Ken kembali masuk ke kamarnya, meletakkan cangkirnya di atas meja belajarnya yang berantakan. Ia duduk sejenak di atas tempat tidur, menyadari dirinya sudah terlanjur bangun dan tidak bisa tidur lagi. Beberapa saat ia tidak tahu apa yang harus dilakukan. Akhirnya ia ingat tugas proyek biologi-nya yang masih terlantar di pojok ruangan. Ken merogoh-rogoh tas ranselnya dan mengeluarkan pena dan buku catatan kecil, kemudian menarik keluar laptop-nya, satu-satunya benda mahal yang ada di kamar itu. Atau mungkin di seluruh rumah. Atau bahkan benda paling mahal yang pernah dimiliki Ken seumur hidup.
Ia menguap, membaca ulang latar belakang makalah yang telah ditulisnya. Dalam hati menggerutu, bagaimana ia bisa menulis sesuatu yang membosankan seperti ini. Ia kembali melirik alarm di atas meja kecilnya, melihat bahwa waktu menunjukkan pukul empat pagi.
Merasa bosan, Ken membuka halaman baru di word processor laptop-nya dan mulai menulis sesuatu.
***
Lumina Steall melirik suaminya yang terlelap di dapur. Menggeleng, wanita cantik itu melepas mantelnya dan menggantungkannya di gantungan dekat lorong. Ia baru akan melepas sepatu hak tinggi merahnya saat ia melihat pintu kamar anaknya, Ken, mengayun terbuka.
Ken berdiri disana. Dengan baju kaus lusuh bergambar pohon palem dan celana training hitam yang warnanya sudah tak jelas. Dari wajahnya, Lumina tahu Ken belum tidur atau sudah terbangun untuk waktu yang lama.
“Ken ? Kau belum tidur ?” tanya Lumina dengan nada dingin. Dia tidak mengharapkan anaknya bangun jam empat pagi seperti ini. Ken melangkah keluar dari kamarnya, membawa cangkir kosong menuju dapur. Lumina mengikutinya menuju dapur.
“Ken, kau belum menjawab pertanyaanku,” kata Lumina. Ia menatap anak ini dengan tatapan dingin.
Ken mendongak, menatap Lumina dengan pandangan dingin.
“Aku terbangun,” jawab Ken dengan nada yang tak kalah dingin. Tanpa berkata apa-apa ia berjalan melintasi ibunya kembali masuk ke kamar.
***
Ken Steall tak pernah menyukai rumahnya. Bukan apa-apa, dia hanya tidak bisa membuat dirinya menyukai tempat sempit di kawasan kumuh itu. Oh, yeah. Bagaimana ia bisa menyukai rumah itu jika dia sendiri bahkan tak mampu menyukai orang tuanya ?
Ayahnya pemabuk dan ibunya tak pernah memiliki pekerjaan yang jelas.

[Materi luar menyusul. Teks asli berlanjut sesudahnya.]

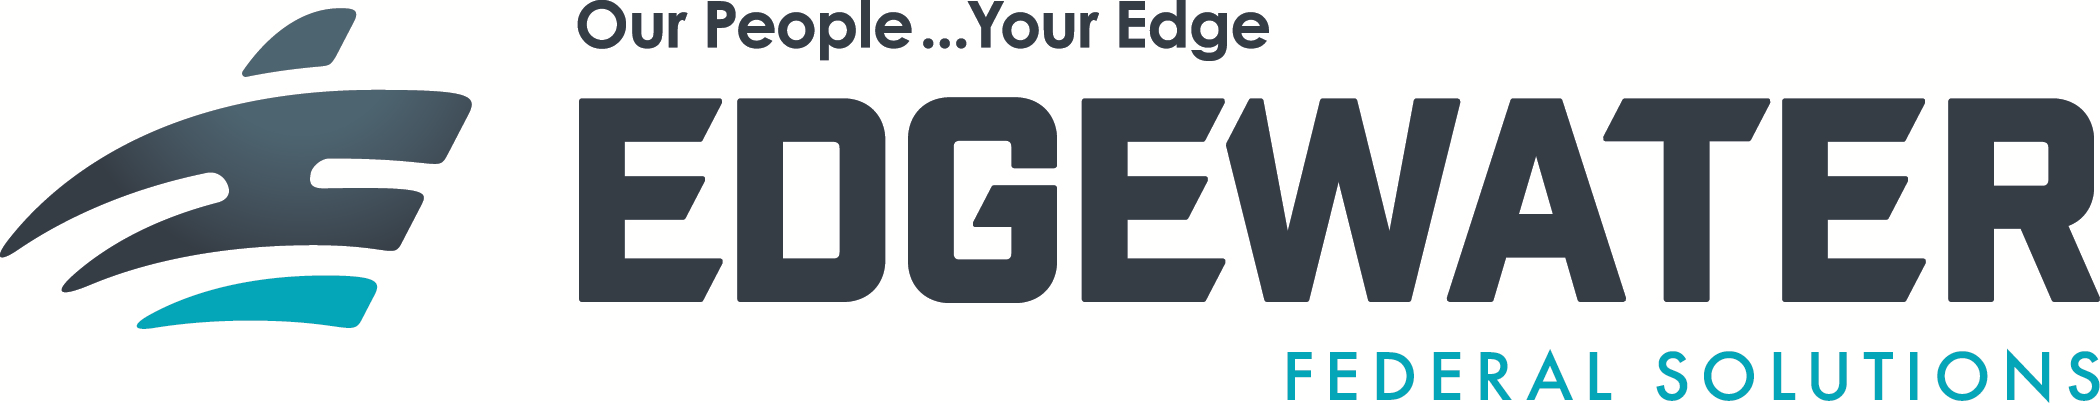 Edgewater Federal Solutions Company Logo

Lumina hanya akan pergi pagi-pagi buta dan kembali pada pagi buta juga di hari berikutnya. Kemudian dia akan tidur seharian dan baru bangun pada malam hari untuk menenggak sebotol Sherry di meja dapur, sementara ayahnya akan duduk di depan TV, dengan sebotol bir murahan dan pop corn, menonton siaran olahraga tanpa minat. Ken tahu ayahnya tidak menonton acara itu, pria itu Cuma tidak ingin berada di ruangan yang sama dengan istrinya.
Ken sendiri adalah seorang anak empat-belas-tahun-menjelang-lima-belas-tahun berbadan kurus, rambut pirang lusuh berantakan tak terurus. Dengan baju lusuh, celana jeans yang terlalu sering di cuci dengan ukuran dua nomor lebih besar yang seharusnya. Sneakernya yang dulu berwarna hitam dan putih kini berwarna hijau butek dan kelabu. Ranselnya sudah bulukan. Secara singkat, dia bukan orang yang akan kau lirik dua kali saat berada di jalan.

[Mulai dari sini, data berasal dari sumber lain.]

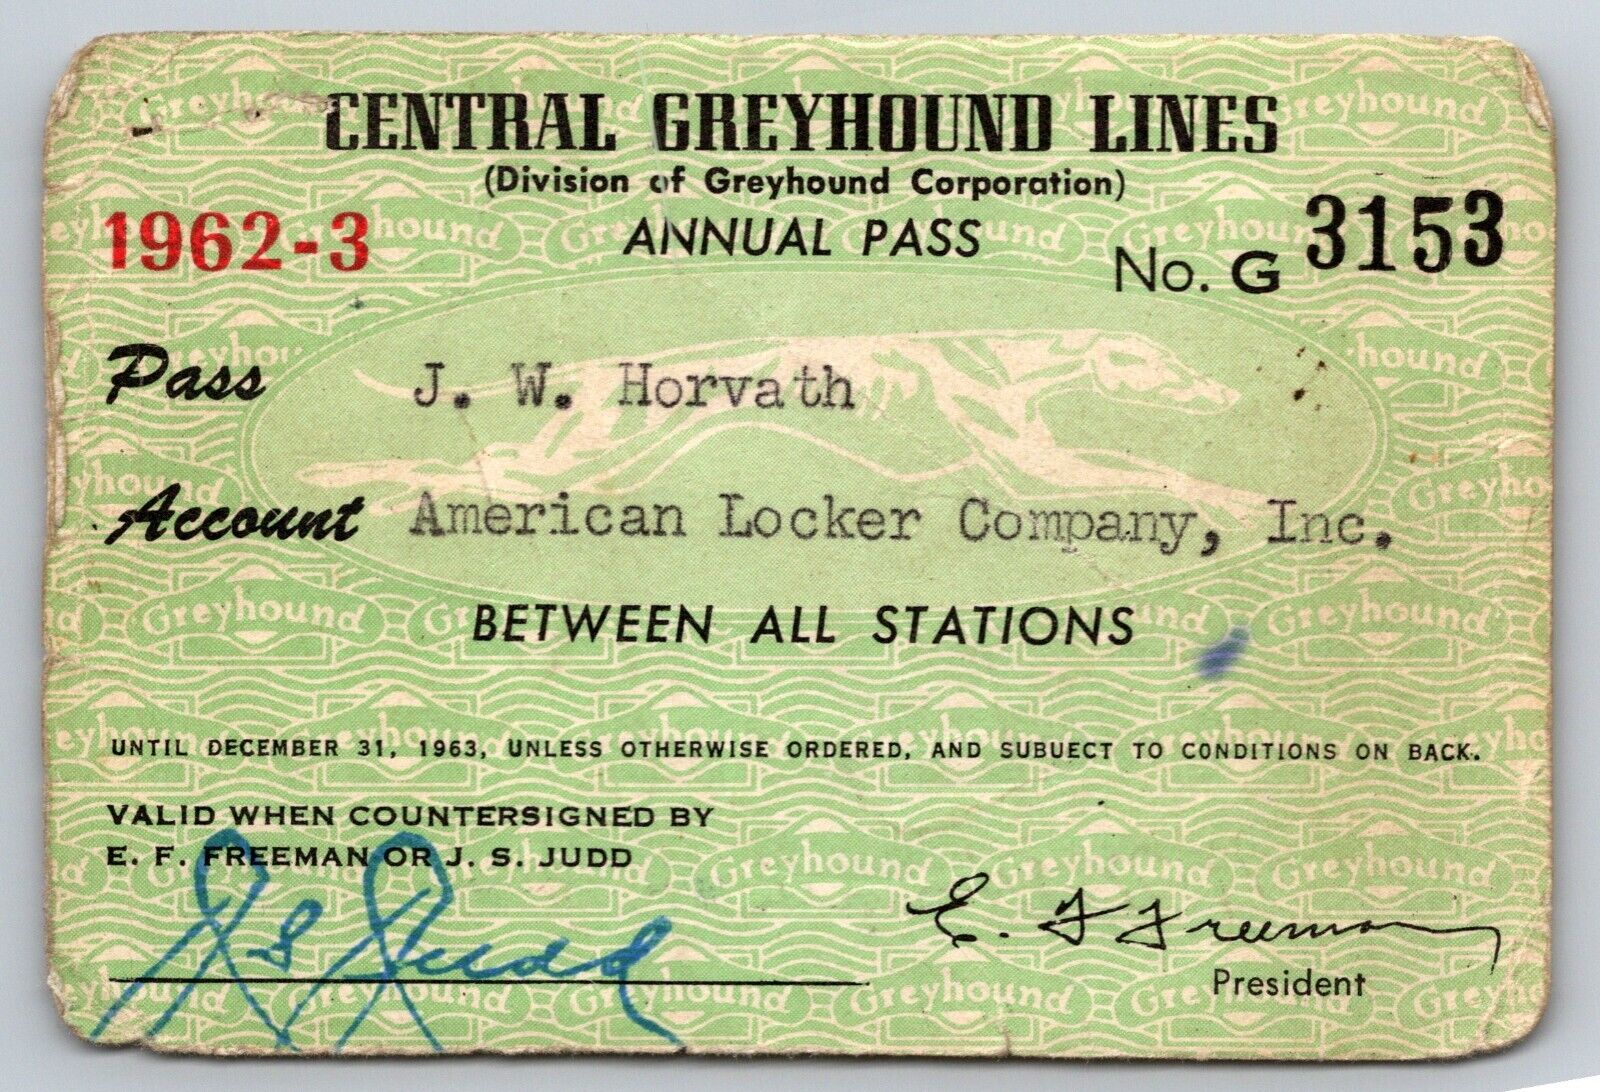 Central Greyhound Lines 1962-63 Annual / Yearly Bus Pass #3153

Tapi dia memiliki beberapa hal baik dalam penampilannya. Sebut saja mata hijau-nya yang luar biasa itu, dan wajahnya yang lumayan tampan ( andaikan tidak di tutupi dengan debu-debu dan andaikan dia mau membersihkannya sedikit saja… ). Dia cukup tinggi untuk anak seusianya.
Anggota terakhir apartemen lusuh di sudut kota yang di sebut Ken sebagai rumah adalah Angel Steall. Gadis kecil manis yang amat di sayanginya. Satu-satunya hal yang membuatnya kembali kerumah itu.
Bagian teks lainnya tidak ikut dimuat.